The Special Collection ”Biomedical Data Analyses Facilitated by Open Cheminformatics Workflows” (https://www.biomedcentral.com/collections/BDAOCW) aimed to collect and publish cheminformatics workflows for curation and analysis of diverse life science data sets. Especially at a time where in many areas of science reproducibility of results is significantly challenged [1, 2], it is important to encourage publication of workflows for data curation, including data extraction, integration, annotation, cleaning/filtering, standardization and analysis. However, this reproducibility ”crisis” is not only a challenge but can become an opportunity for change and better publication practise in the future [3].

For many scientific workflows, curation of data is essential and takes a significant amount of time. Many different scientific disciplines and data types depend on data standardization and preprocessing, which is nicely exemplified by the different areas covered in this special issue - from small molecules, to metabolomics, and drug-protein interactions. However, choices made during data curation can be quite subjective, i.e. containing user-defined cut-offs, and also depends on the problem at hand. Thus, published workflows shall enable comparability and reproducibility of results in line with FAIR (findable, accessible, interoperable, and reusable) principles both for data [4] as well as software [5]. Another advantage of using already existing workflows is avoiding mistakes and challenges others have already faced and overcome before.

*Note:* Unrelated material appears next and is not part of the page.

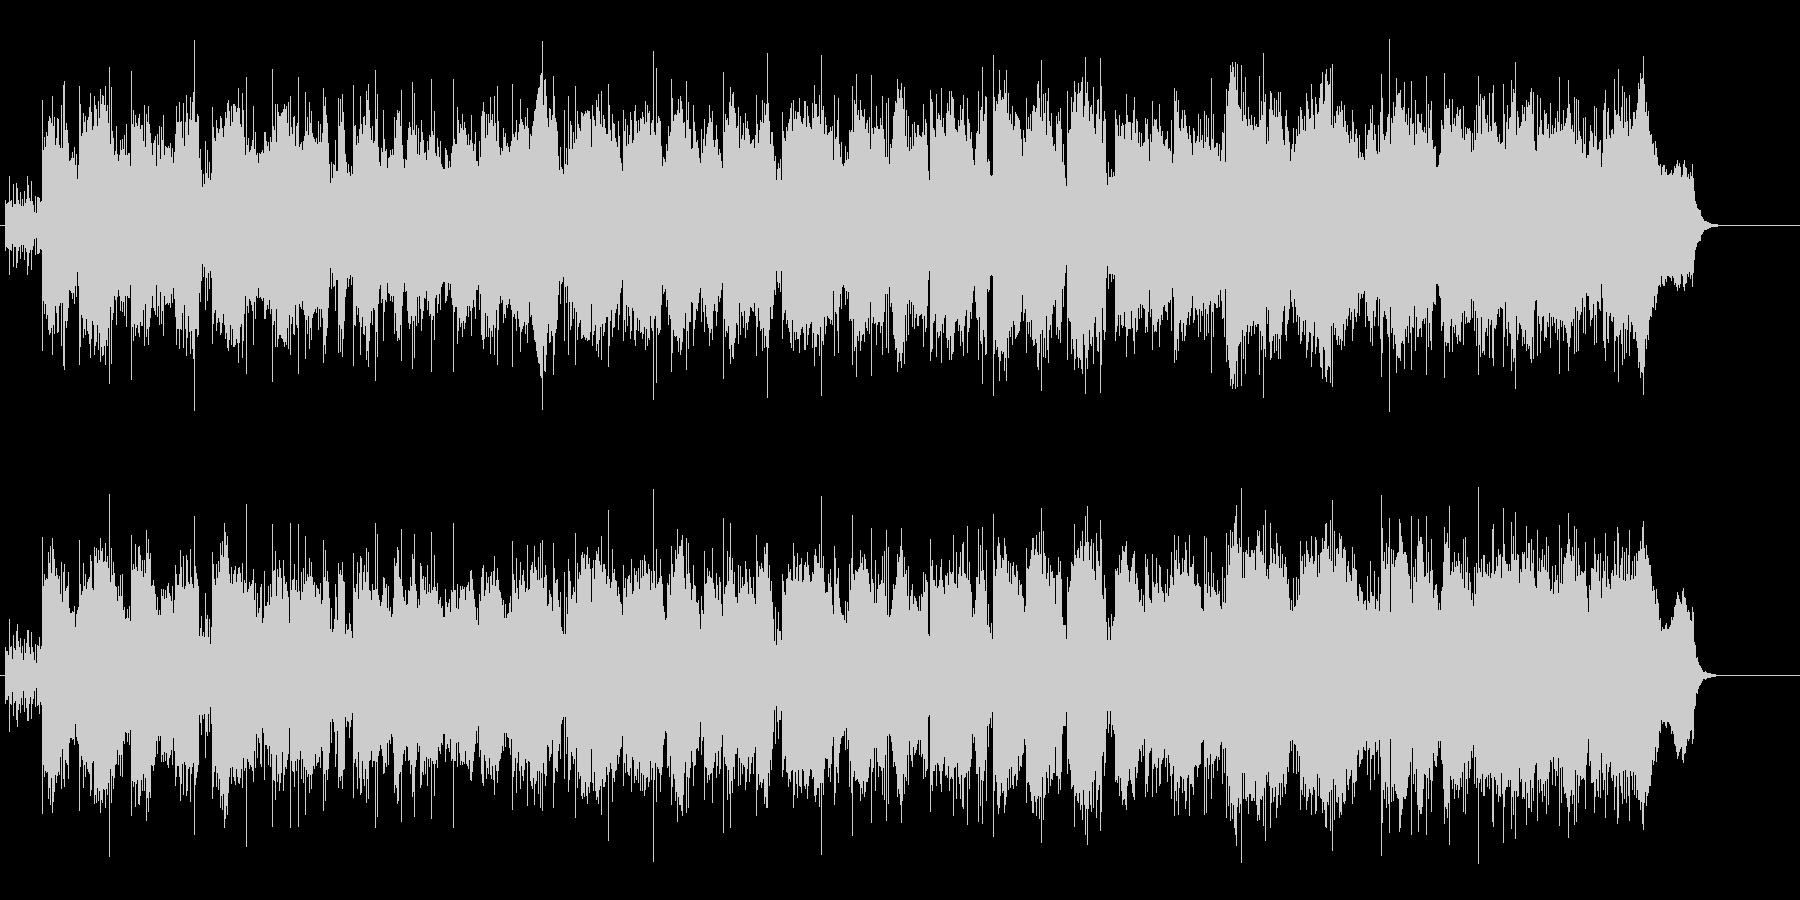 ドキュメント向けシリアス・タッチBGMの未再生の波形

Many scientific studies in the fields of cheminformatics and computational chemistry aim to extract and connect knowledge from (experimental) data. One fundamental assumption is the correctness of input data from experimental resources. However, systematic errors, i.e. translation between 1D, 2D, and 3D structure representations, as well as random errors, such as incorrect human input, occur ranging from on average two errors per (medicinal chemistry) publication to 0.1\(-\)3.4% for different databases [6,7,8]. In addition to errors in experimental resources, the correct representation and standardization of molecules, including their tautomers and protonation states, can be highly challenging and time-consuming. Molecules are often represented by the Simplified Molecular Input Line Entry System (SMILES) [9] or InChI [10, 11] representation. However, there is no universal standard for SMILES and using different programs will lead to different representations for the same molecule. The importance of (automated) chemical structure curation is demonstrated by the publication of structure standardization workflows by major bioactivity data resources like ChEMBL [12], PubChem [13], or canSAR [14].

In the field of machine learning (ML) and artificial intelligence (AI) publication of code is more commonly applied. Due to increasing amount of published methods in that area, more publications including guidelines on reproducibility but also on model comparison itself became available [15,16,17]. It could serve as an example for other areas of cheminformatics and computational chemistry for which open source publications and workflows are not yet commonly published with manuscripts.

Publication of data on the other hand is an even more challenging topic especially when considering proprietary data. Public bioacitivty data often have a lower number of negative or inactive data compared to proprietary data, thus displaying a higher ratio of actives to inactives than commonly seen in i.e. high-throughput screening (HTS) runs [18,19,20,21]. Thus, public and proprietary data sets complement each other in terms of chemical space coverage. Another advantage of proprietary data is the estimation of experimental uncertainty, since often a more homogeneous curation pipeline and assay setup is applied as well as multiple measurements for the same compounds are available. In order to satisfy the request for reproducibility and data sharing without violating intellectual property (IP) rights, the application of developed methods and workflows to public and private data in the same manner is a good solution. This process has been encouraged for research papers submitted to J. Cheminf. as demonstrated by these examples [22, 23].

The workflows submitted for this special issue include KNIME workflows [24], Galaxy [25] or Jupyter notebooks[26]. In addition to these workflow tools, platforms for publishing and sharing of code, such as GitHub [27] or GitLab are available and allow sharing with and enhancements by peers. Larger data that requires more storage space, such as model input data or machine learning models themselves, can be stored in open-repositories such as Zenodo [28]. Docker [29] became popular in order to avoid any issues with cross platform installation. With all these resources available, ideal conditions for improvements and requirements for reproducibility are at hand.

Ultimately, publication of workflows does not mean that these workflows cannot be changed anymore. These serve as a basis and starting point for further research and can also help during teaching, with already existing initiatives such as TeachOpenCADD [30, 31]. Thus, we strongly encourage open access publication of workflows in order to help driving research the best way possible.

In this special issue, diverse topics were covered from data analysis (nonadditivity analysis, thermal shift assay analysis, or MS/MS analysis for metabolomics), structural analysis (drug-protein interactions, fragment-based virtual screening) to machine learning (retraining of ML models, ML for off-target predictions, MMPA and QSAR). This nicely illustrates how important data workflows and analysis are across different scientfic fields.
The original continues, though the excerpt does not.